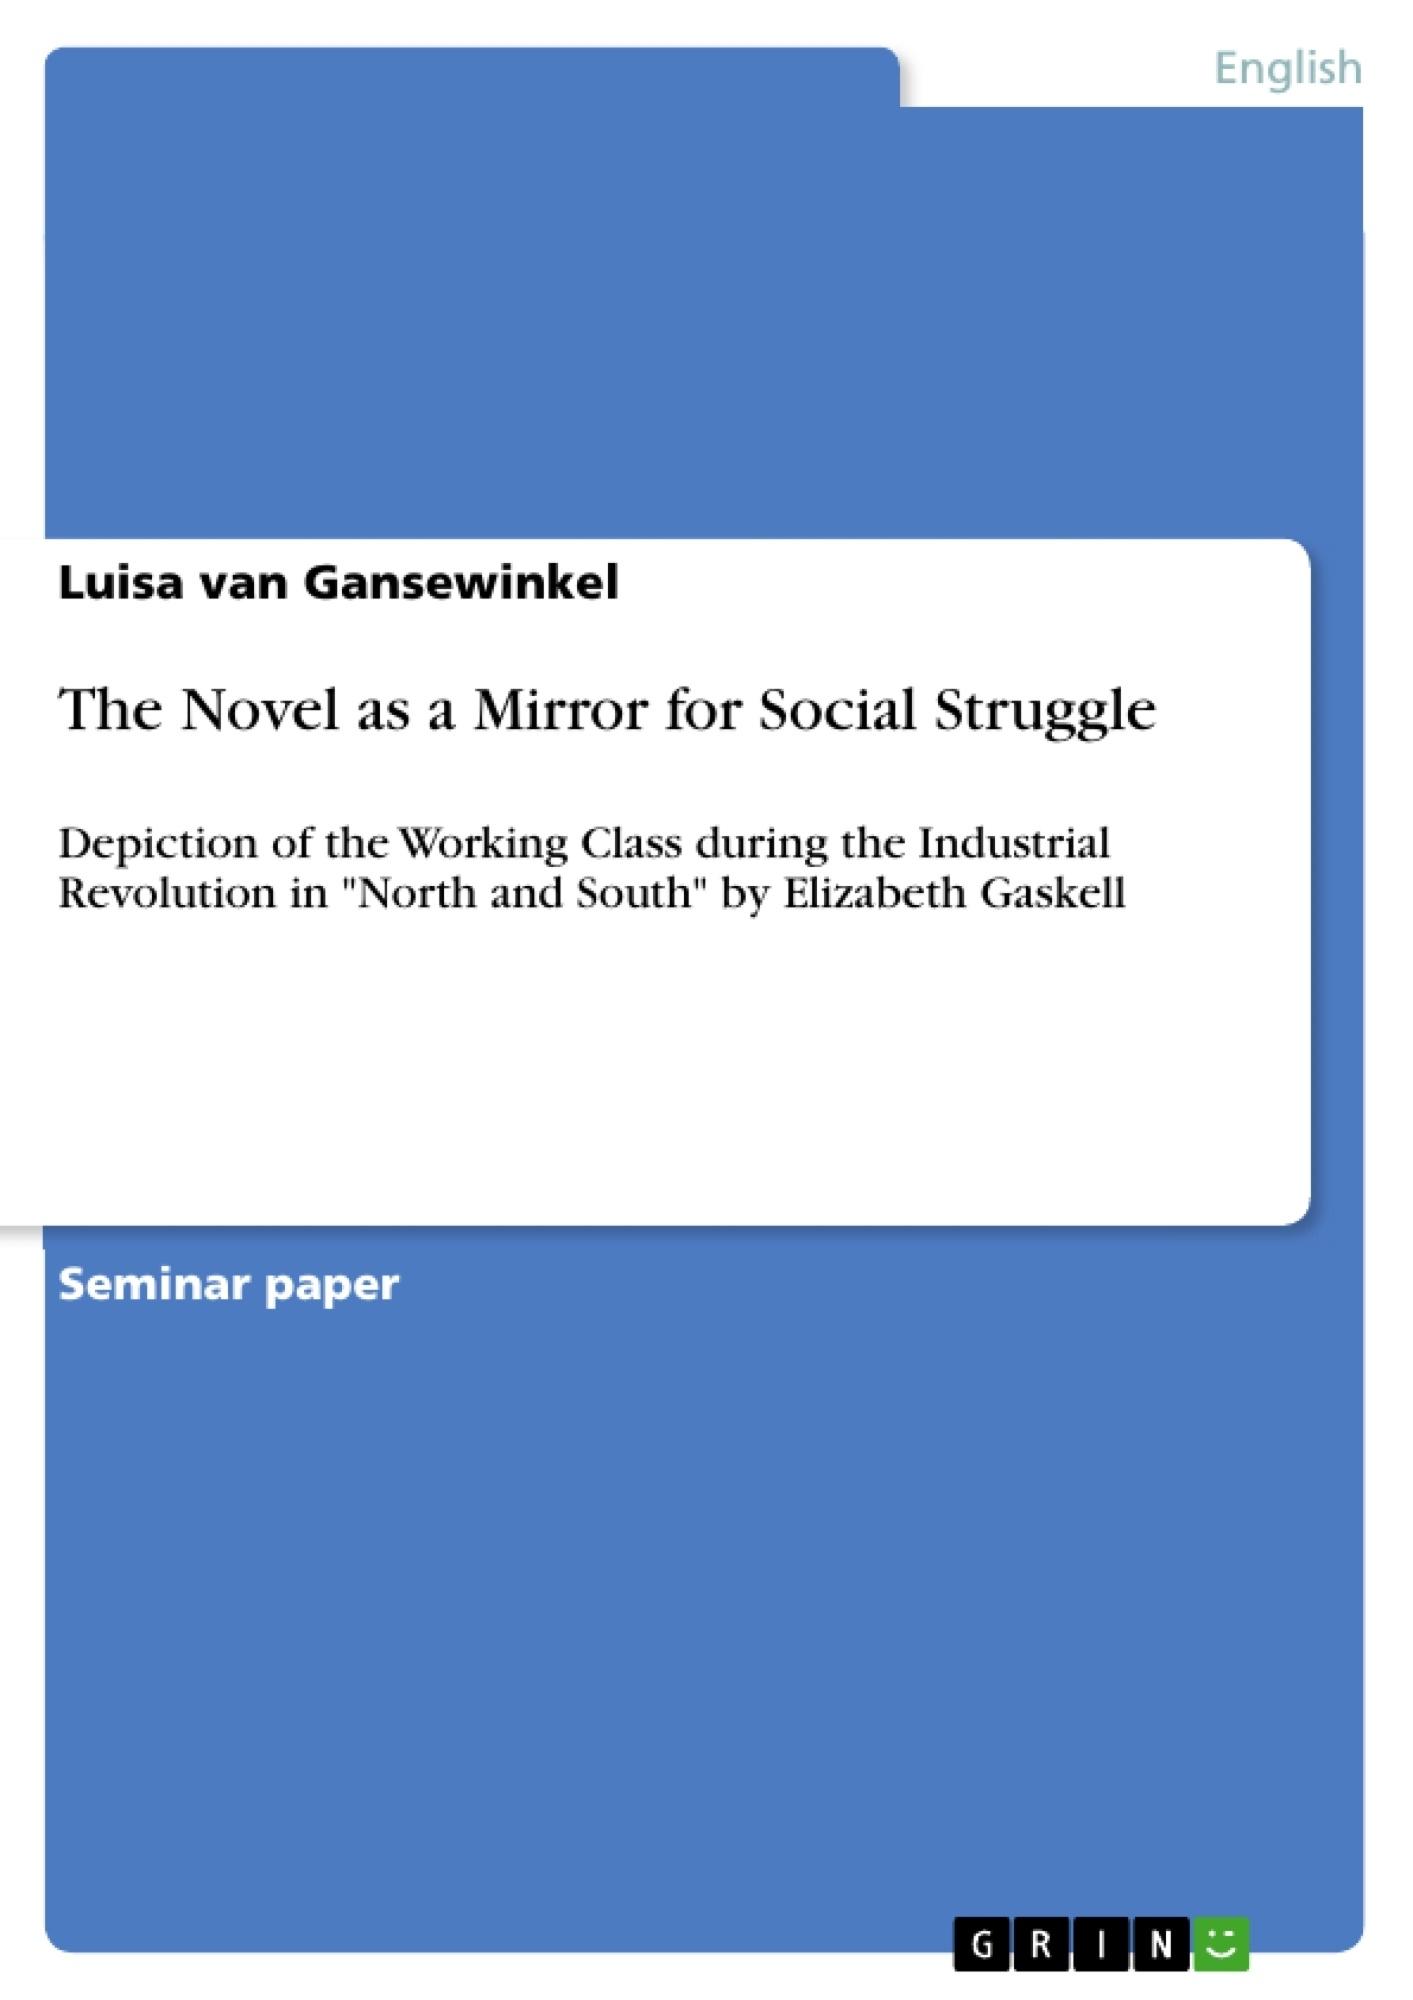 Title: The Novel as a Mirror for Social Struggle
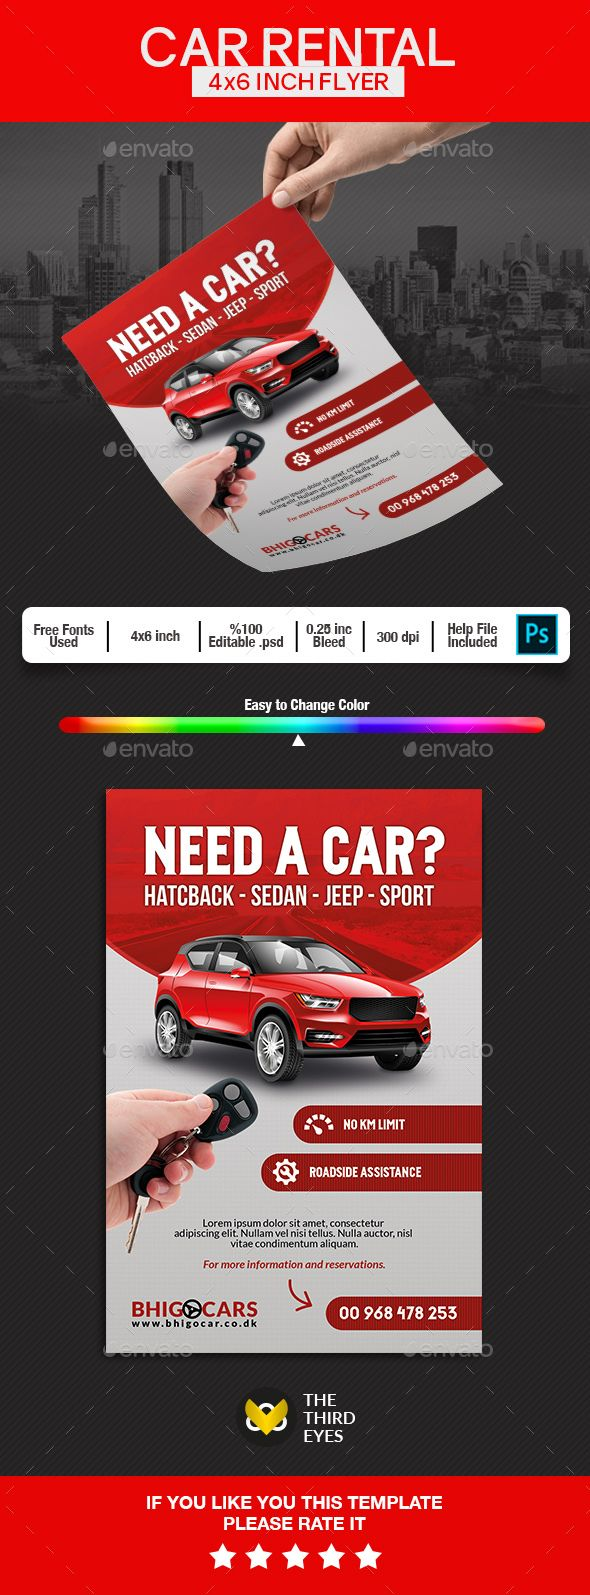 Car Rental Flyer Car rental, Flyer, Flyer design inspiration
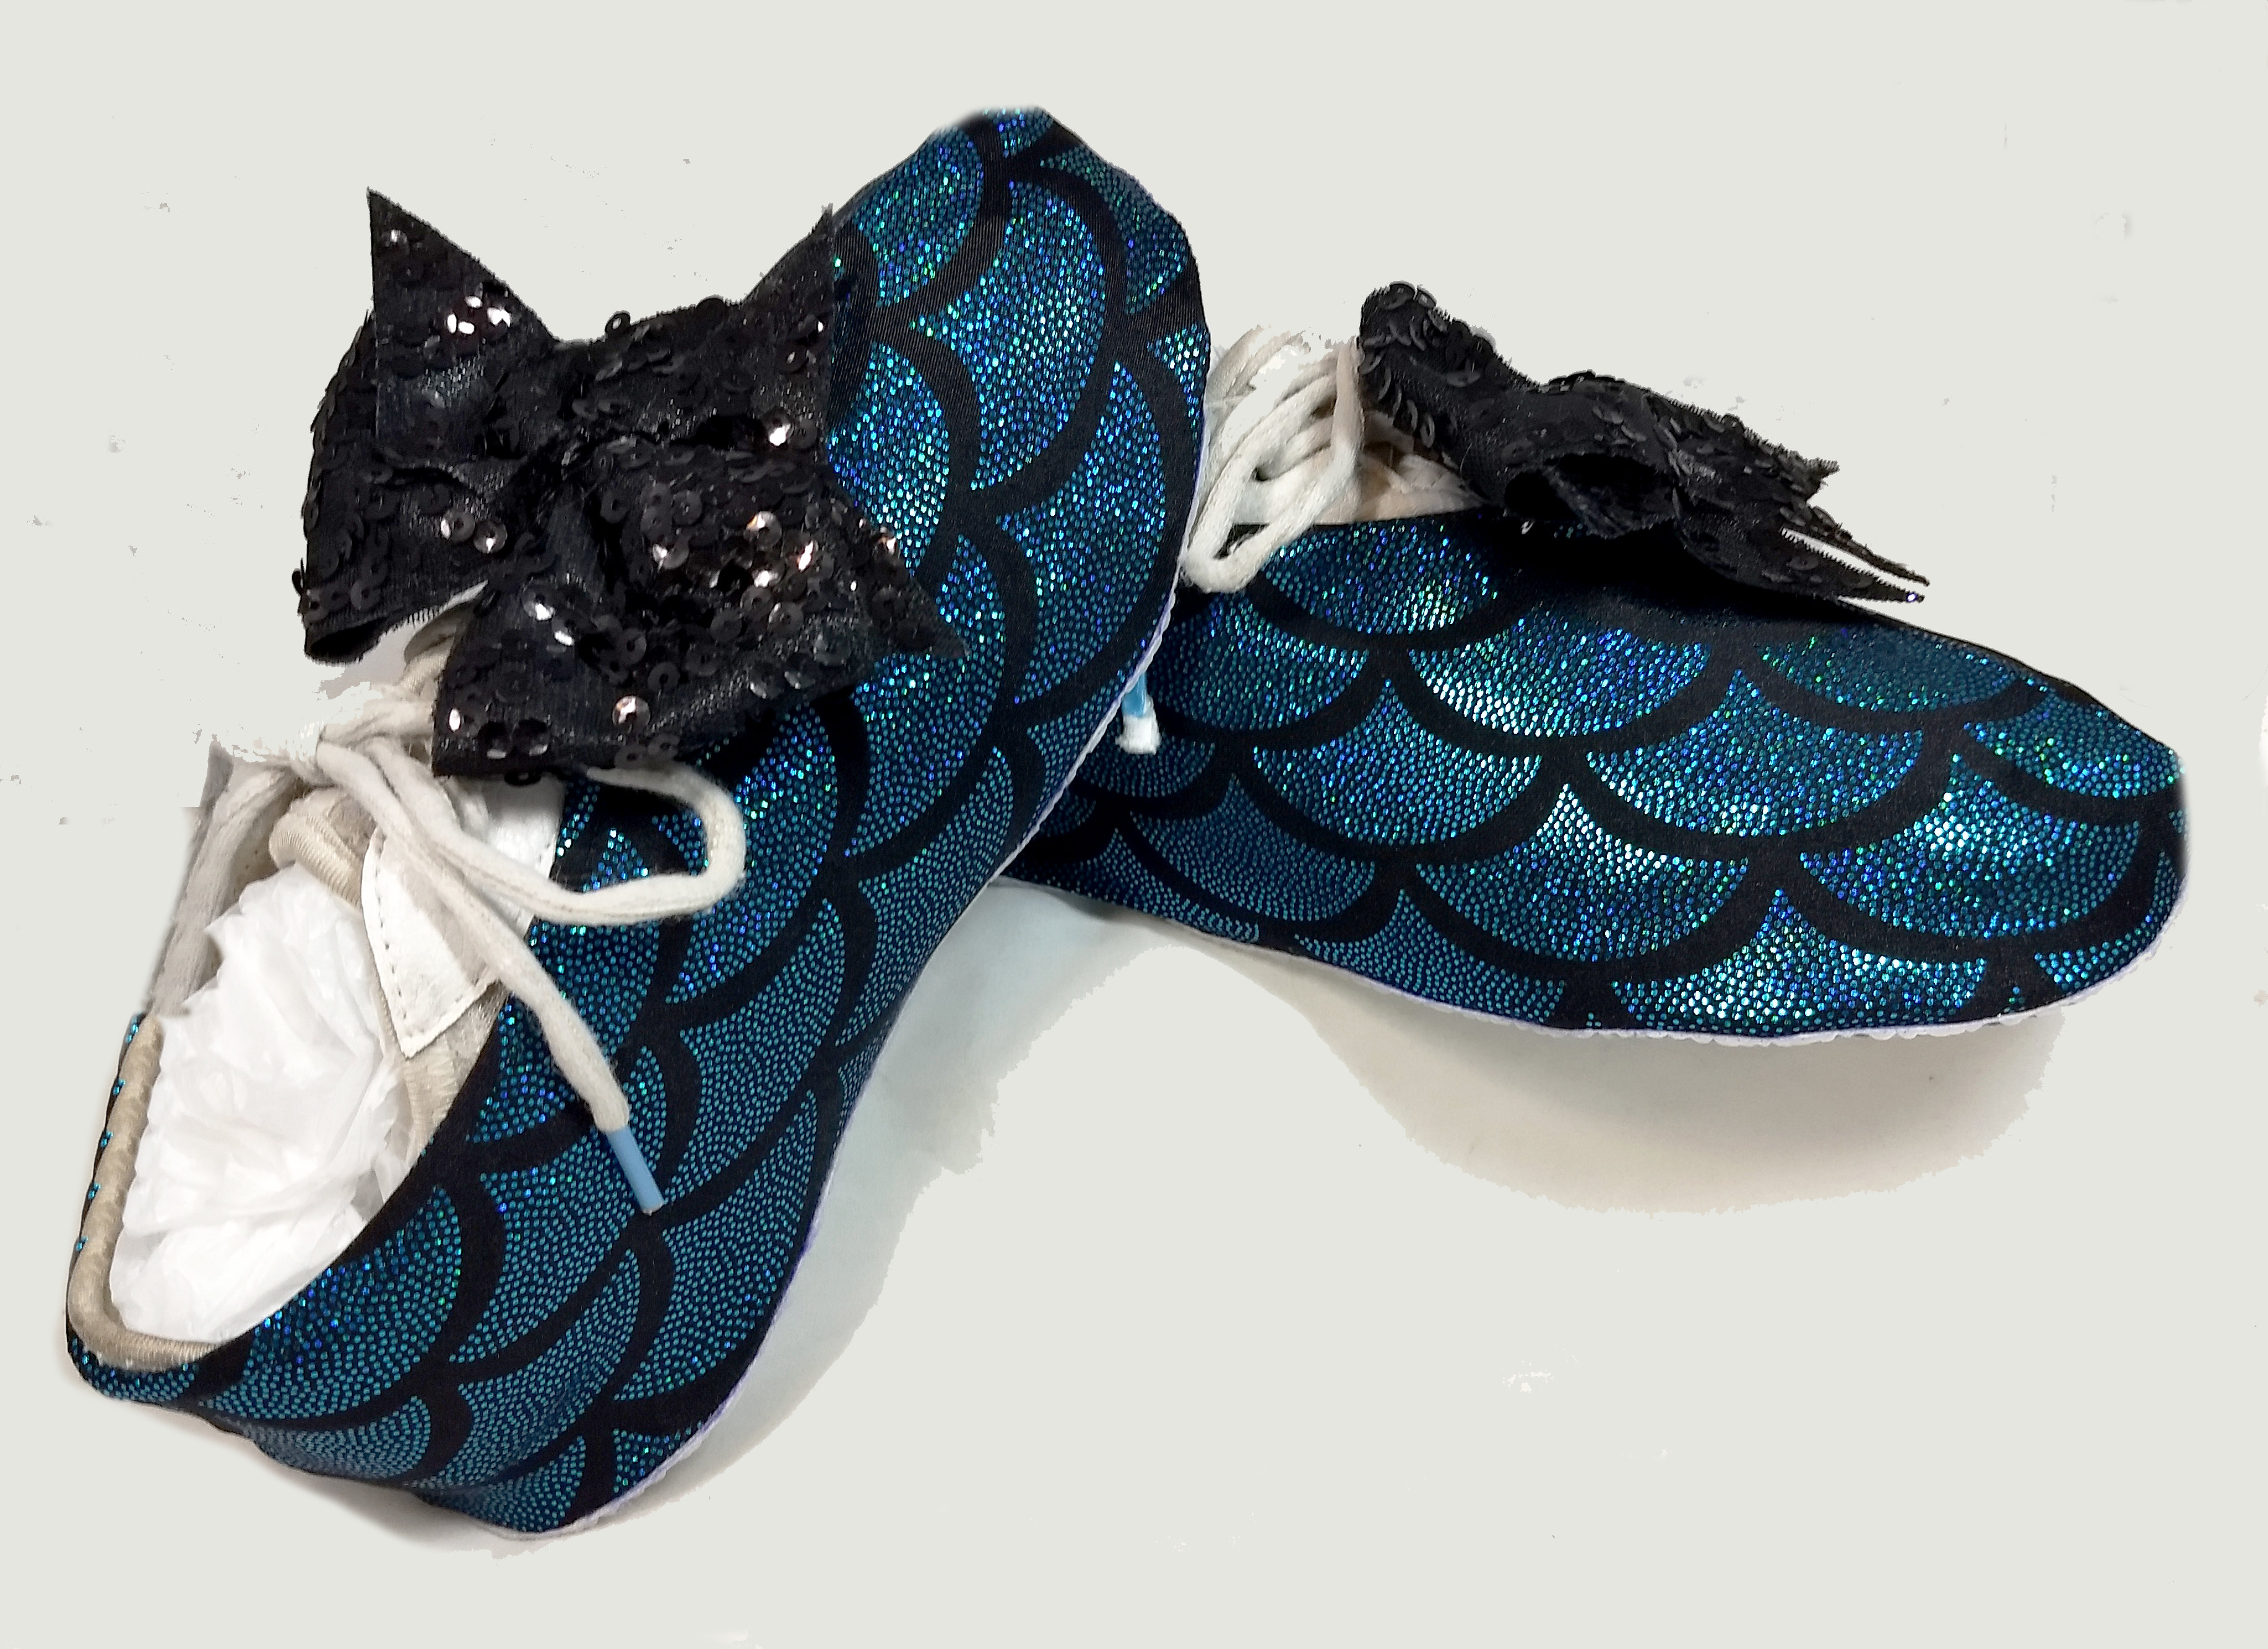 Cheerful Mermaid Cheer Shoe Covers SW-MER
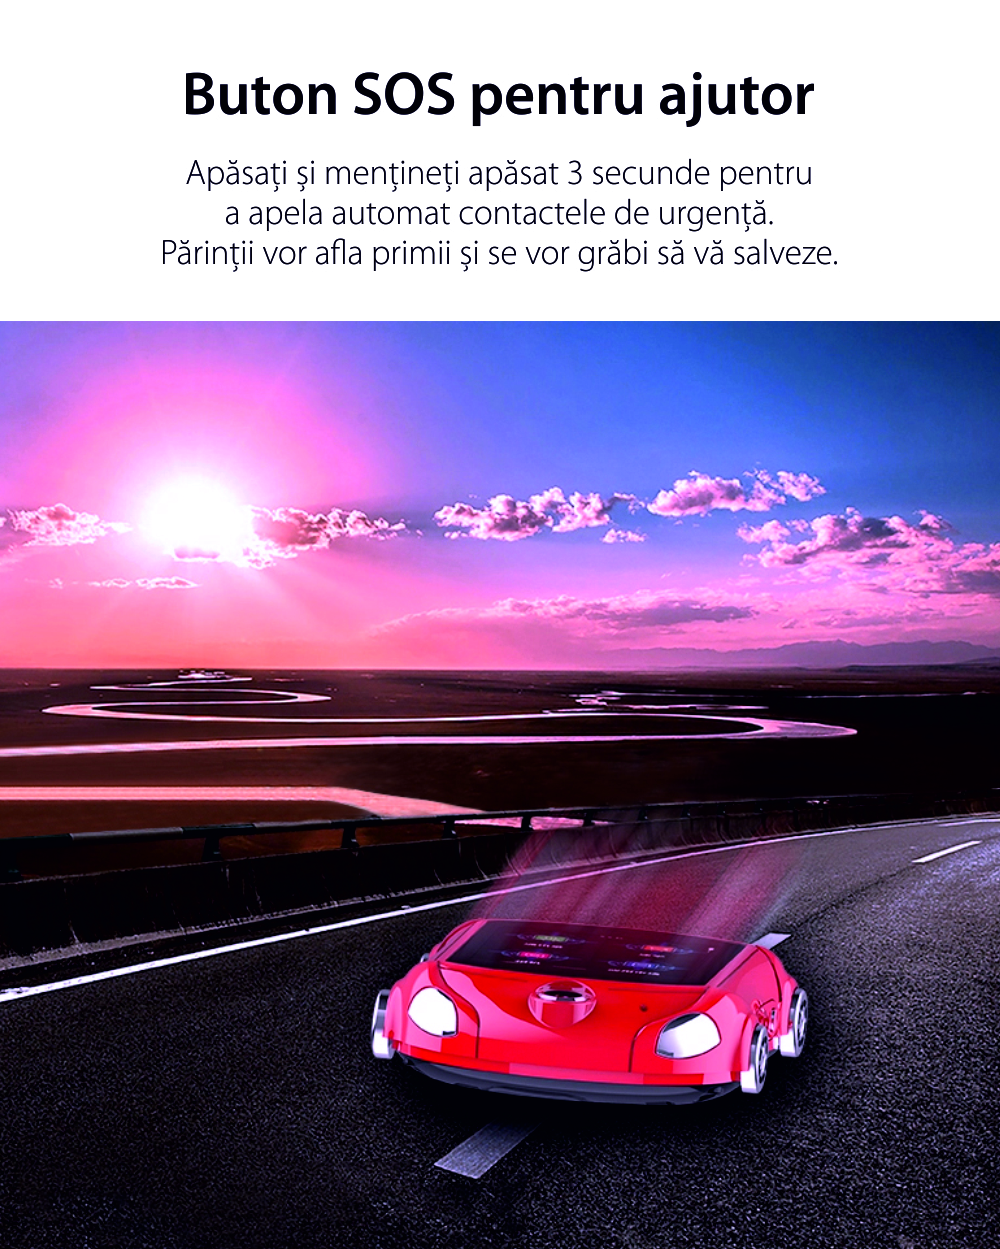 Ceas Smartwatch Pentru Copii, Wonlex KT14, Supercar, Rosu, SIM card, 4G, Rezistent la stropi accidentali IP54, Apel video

···

→ **WHAT NEEDS TO BE DONE**
Copy each line of the material above exactly, but not the images.

→ **EXERCISE RESULT**
 Title: The Novel as a Mirror for Social Struggle
 Car Rental Flyer Car rental, Flyer, Flyer design inspiration
 Cheerful Mermaid Cheer Shoe Covers SW-MER
 Ceas Smartwatch Pentru Copii, Wonlex KT14, Supercar, Rosu, SIM card, 4G, Rezistent la stropi accidentali IP54, Apel video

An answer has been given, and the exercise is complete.